Your task: Find the line below with "Walnut woods planks for furniture making DIY" and the line with "重庆一中初2011级中考数学模拟试题". Output them and the lines between, exactly, but not the pictures.

Provided data:

- Opening Delimiter -

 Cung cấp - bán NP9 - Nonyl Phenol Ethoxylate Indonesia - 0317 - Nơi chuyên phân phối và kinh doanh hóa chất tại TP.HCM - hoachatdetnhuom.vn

- Closing Delimiter -
- Opening Delimiter -

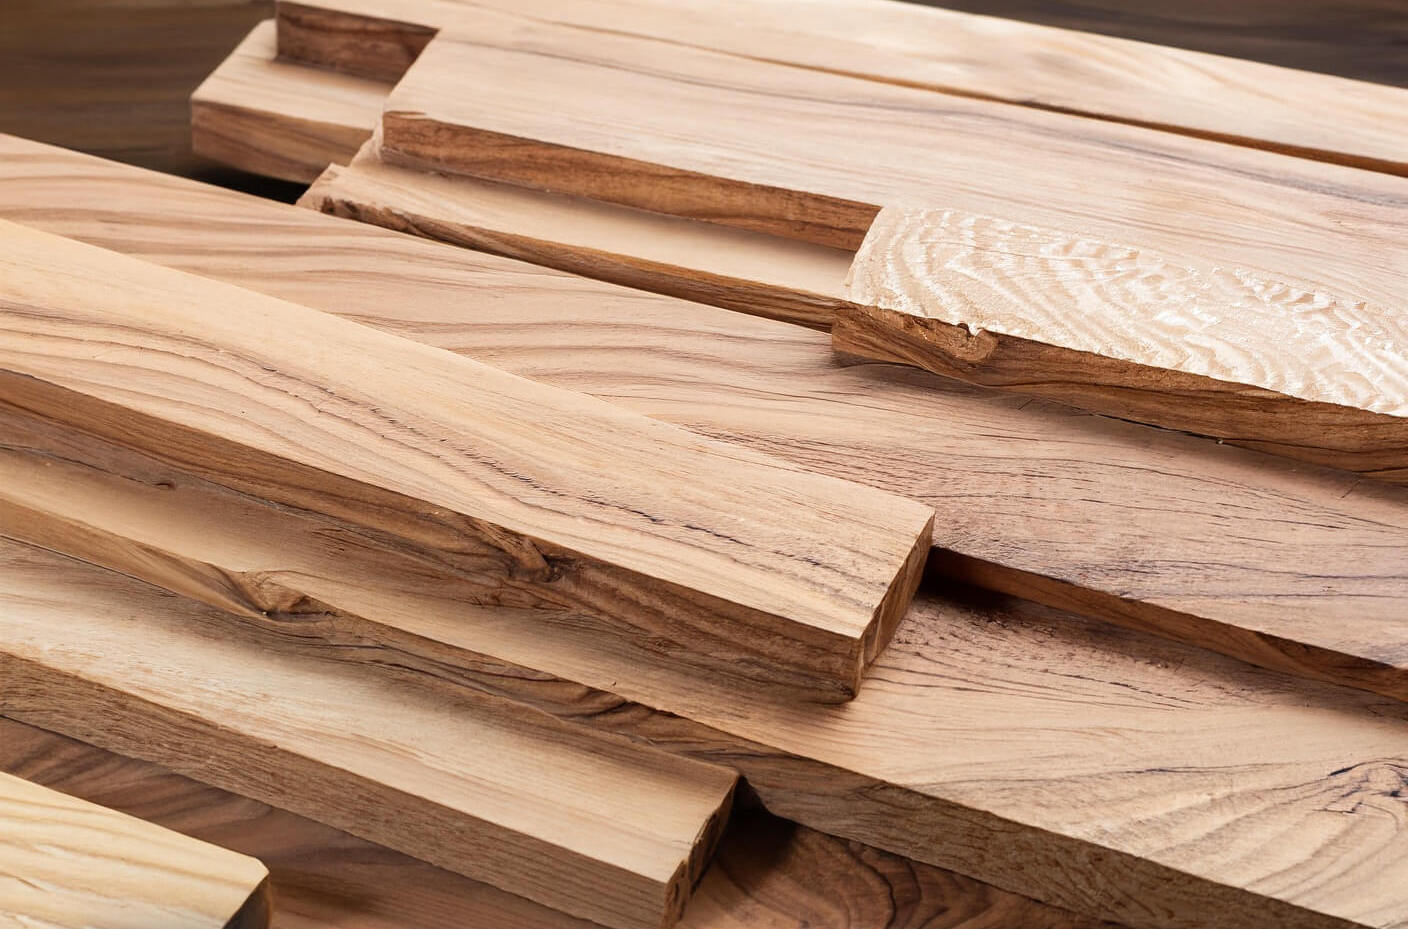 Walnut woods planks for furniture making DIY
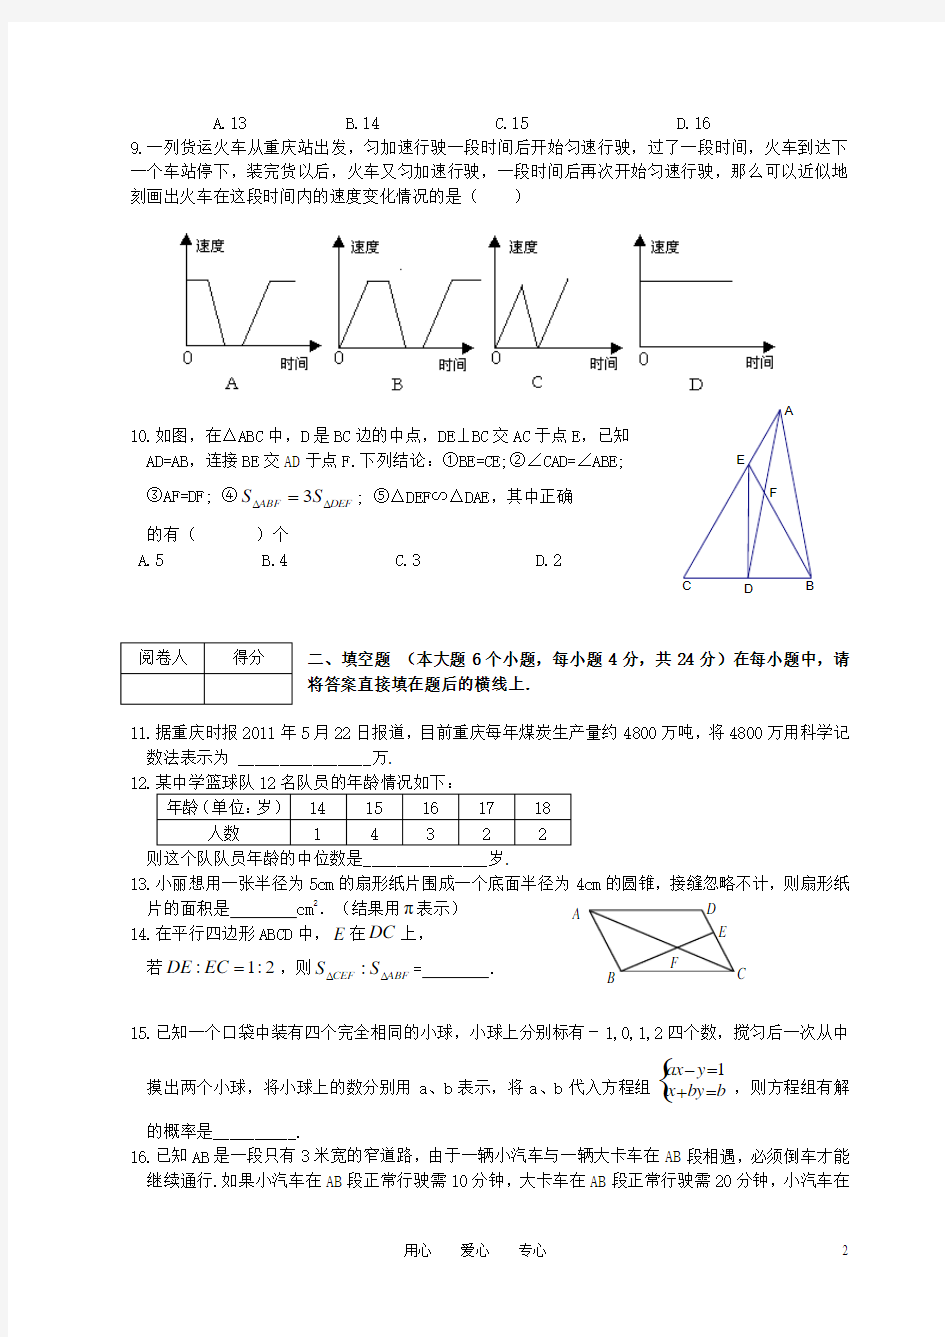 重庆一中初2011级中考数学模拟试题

- Closing Delimiter -
- Opening Delimiter -

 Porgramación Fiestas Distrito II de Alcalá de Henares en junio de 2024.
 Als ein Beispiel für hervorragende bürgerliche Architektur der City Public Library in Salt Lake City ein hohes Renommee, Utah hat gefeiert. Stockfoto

- Closing Delimiter -

Task answer:
 Walnut woods planks for furniture making DIY
 重庆一中初2011级中考数学模拟试题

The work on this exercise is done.